VHA Chief Executive Officer Iñaki Berroeta said competition in the mobile market remained strong.
“VHA’s performance has remained stable in the face of significant headwinds,” Mr Berroeta said.
“We have maintained our customer base and EBITDA despite declines in revenue and ARPU.
“We continue to focus on our customers and are investing in our digital capability to continually improve customer experience.
“I am very pleased that our customer experience is reflected in the fact that we continue to set new standards as an industry leader in customer service. We have just recorded a new record low rate of TIO complaints – less than three per 10,000 customers – which is less than half the industry average.
“We are also in the process of finalising our plans for a new network vendor in the wake of the Federal Government’s security guidance.”
Mr Berroeta said VHA remained committed to a proposed merger with TPG and was pleased the process had been expedited with a Federal Court hearing due to start in September.
He said a stronger third player in the industry with the scale to increase investment would benefit consumers from improved technology and better value plans.

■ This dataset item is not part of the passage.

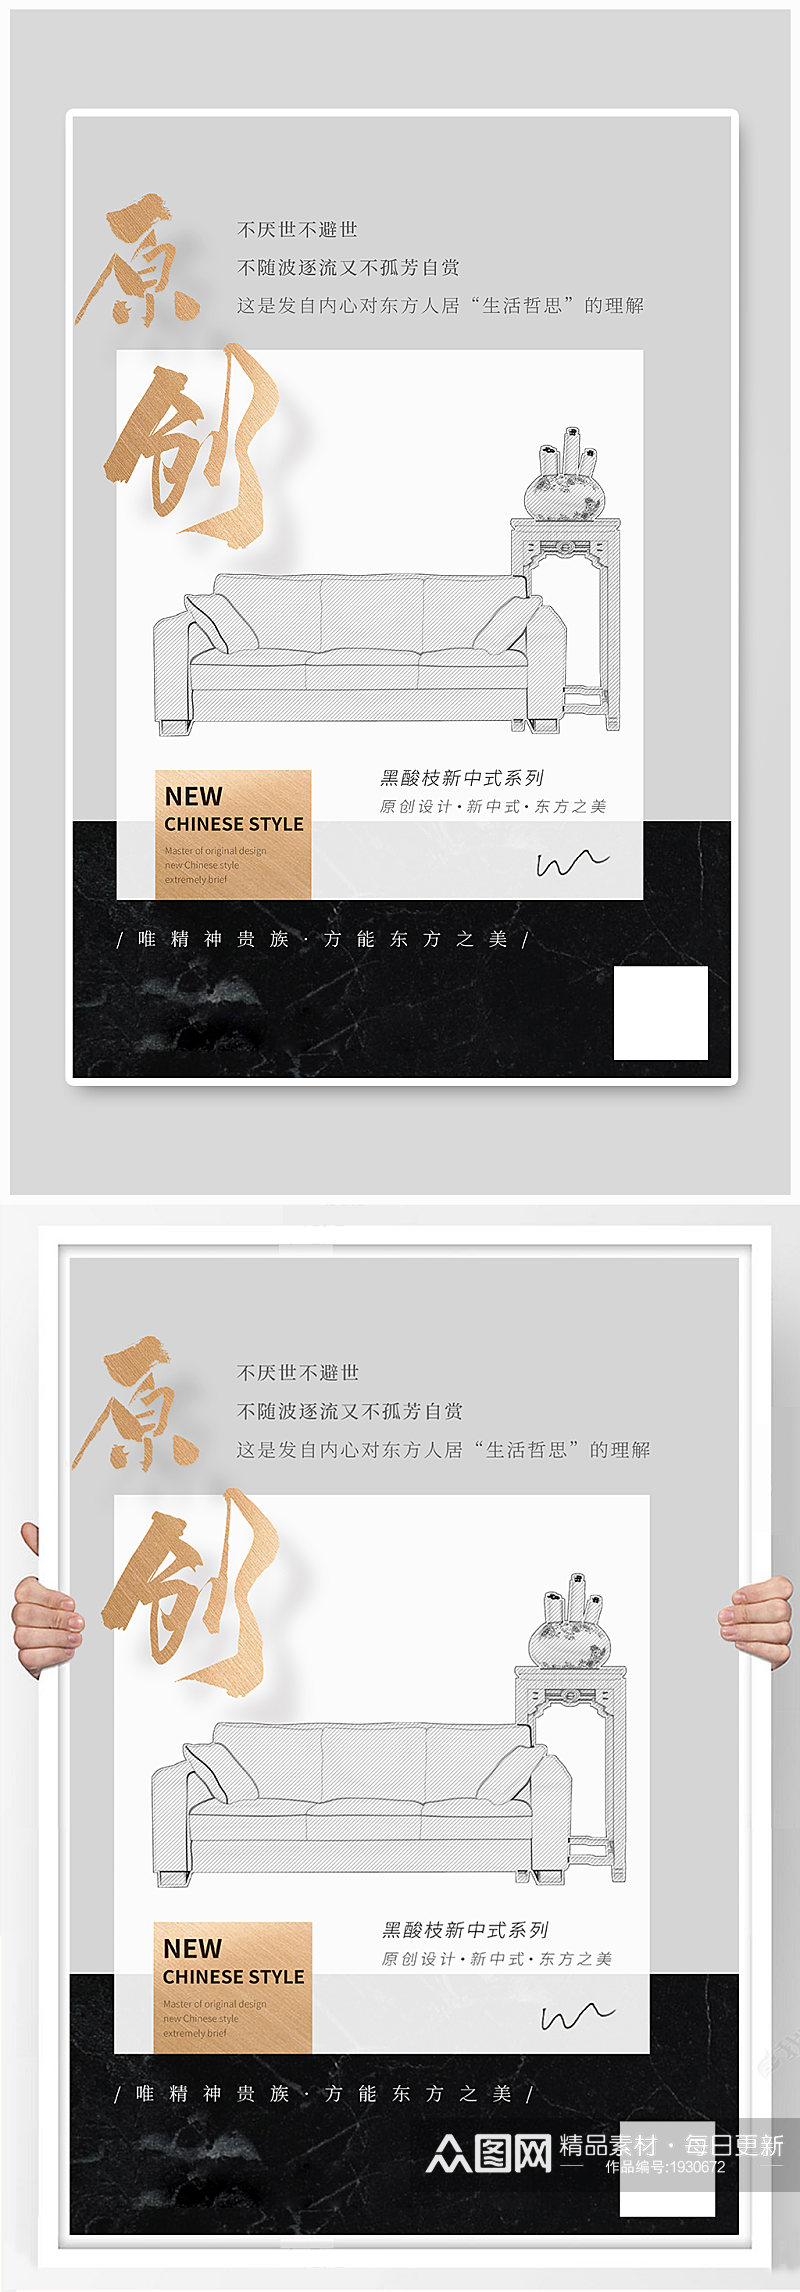 新中式家具宣传灰黑简洁海报素材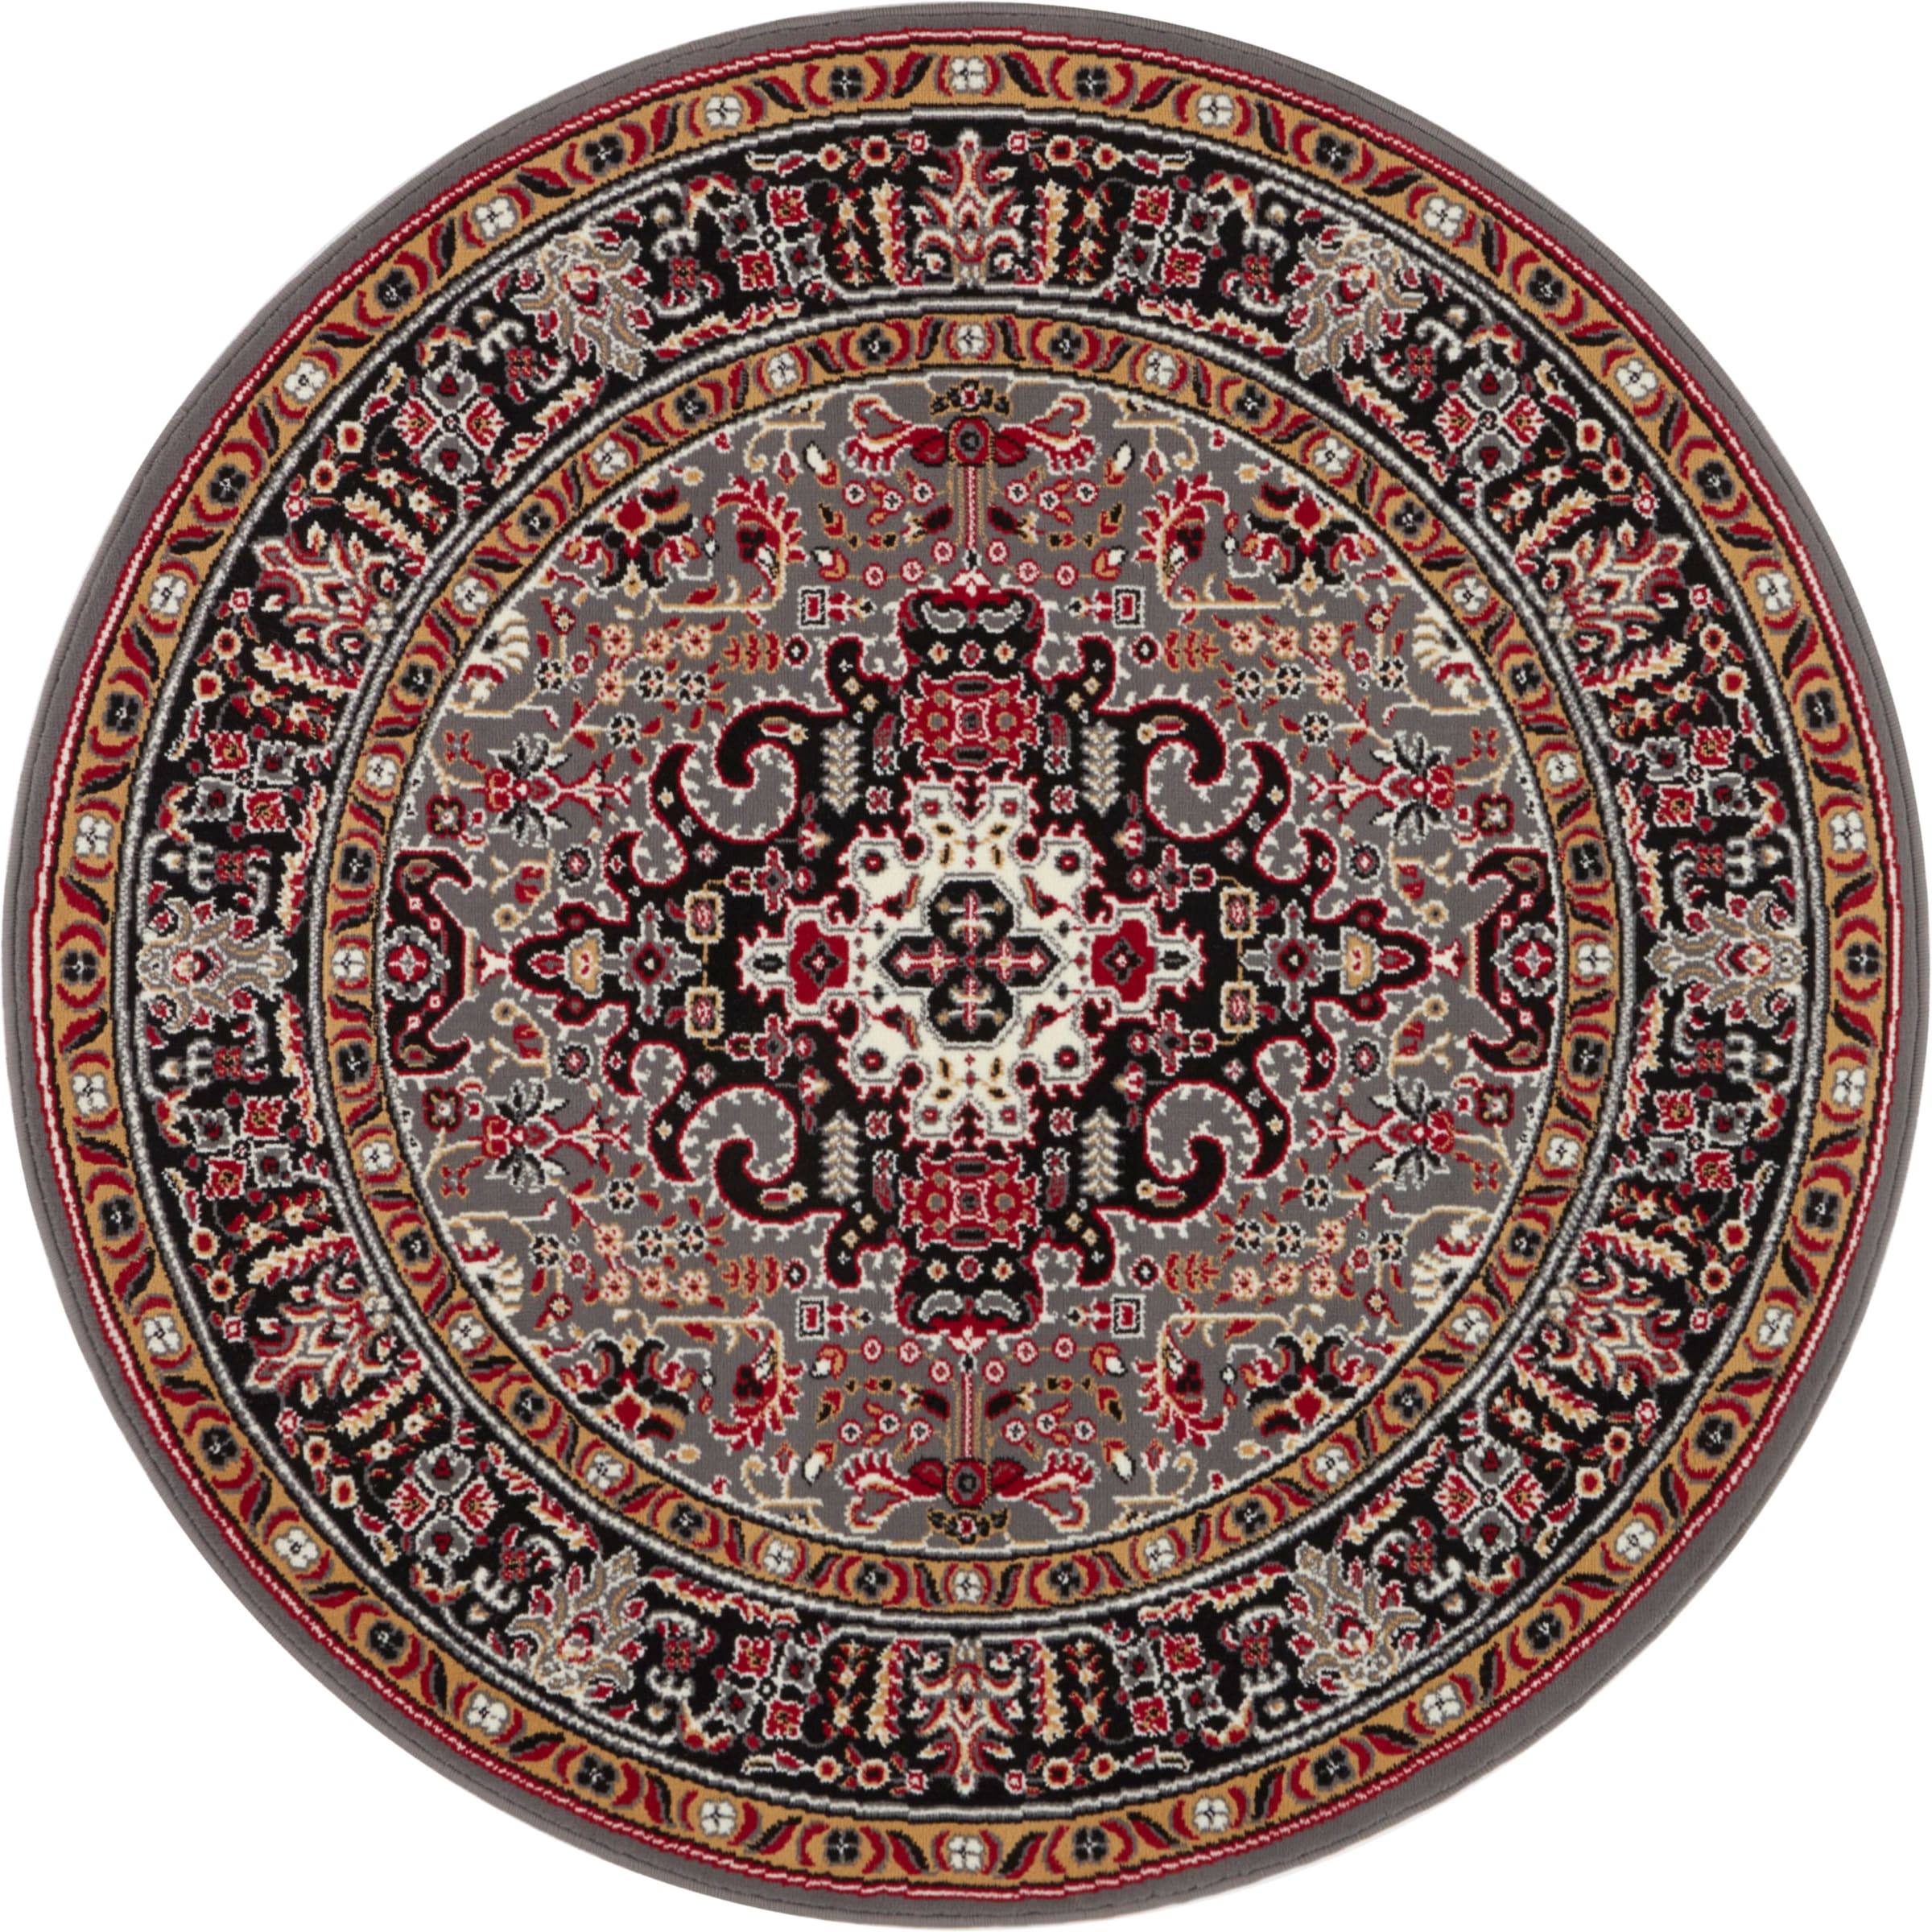 NOURISTAN Teppich "Skazar Isfahan", rund, Kurzflor, Orient, Teppich, Vintage, Esszimmer, Wohnzimmer, Flur

“The merger would create an entity that will increase our ability to invest in networks, new technologies, and even more competitive plans and products for Australian consumers,” he said.
VHA Full Year results (noting the impact of the global IFRS 16 (“AASB 16”) accounting change effective 1 January 2019*):
• Total mobile customer base grew year on year by 11,754 customers to 5.99 million (a 0.2% increase YoY, although down marginally from the December 18 result of 6.02 million);
• Leading Net Promoter Score among Mobile Network Operators;
• Total revenue decreased 1.7 per cent YoY to $1,738.5 million;
• ARPU was $34.52, a decrease of 5.2% YoY;
• EBITDA# increased 14.3 per cent YoY to $584.6 million (but a 0.9% increase on a like for basis without the AASB 16 accounting change).
• VHA’s net loss increased to $153.4m (or $131.8m on a like for like basis without the AASB 16 accounting change) from $92.3m in the corresponding prior period.
VHA Acting Chief Financial Officer Sean Crowley said the results reflected a slowdown on prior periods primarily due to falling ARPU.
“This was because of falling prices and increased inclusions, although EBITDA remained positive thanks to a continued focus on reducing costs,” he said.
“Our progress in the last number of years has been pleasing and despite the challenges presented we strive to continually innovate and bring greater choice and freedom to consumers.
“We will continue to deliver great value propositions and service to our customers, as demonstrated by our bundle and save loyalty discount feature, and our extremely competitive Fixed NBN offering. In turn, our customers are demonstrating increased loyalty to us.”
Notes to editors
Vodafone Hutchison Australia (VHA) is 50:50 joint venture between Vodafone Group Plc and Hutchison Telecommunications (Australia) Limited. Figures relate to VHA performance for the half
year ended 30 June 2019.
* AASB 16 is the Australian equivalent of the IFRS 16 global accounting standard that became effective for VHA from 1 January 2019. AASB 16 establishes principles for the recognition and
measurement of leasing arrangements which has led to the recognition from 1 January 2019 of “right of use” assets on the Balance Sheet for $1,014m along with corresponding lease liabilities
for $1,068m. EBITDA and net losses for the half-year ended 30 June 2019 accordingly include charges for depreciation of the relevant “right-of-use” assets and interest on the lease liabilities
relating to these assets and liabilities. These charges replace costs which were accounted for as operating expenses in the prior comparative period.
# EBITDA represents VHA’s statutory earnings before interest, tax, depreciation and amortisation.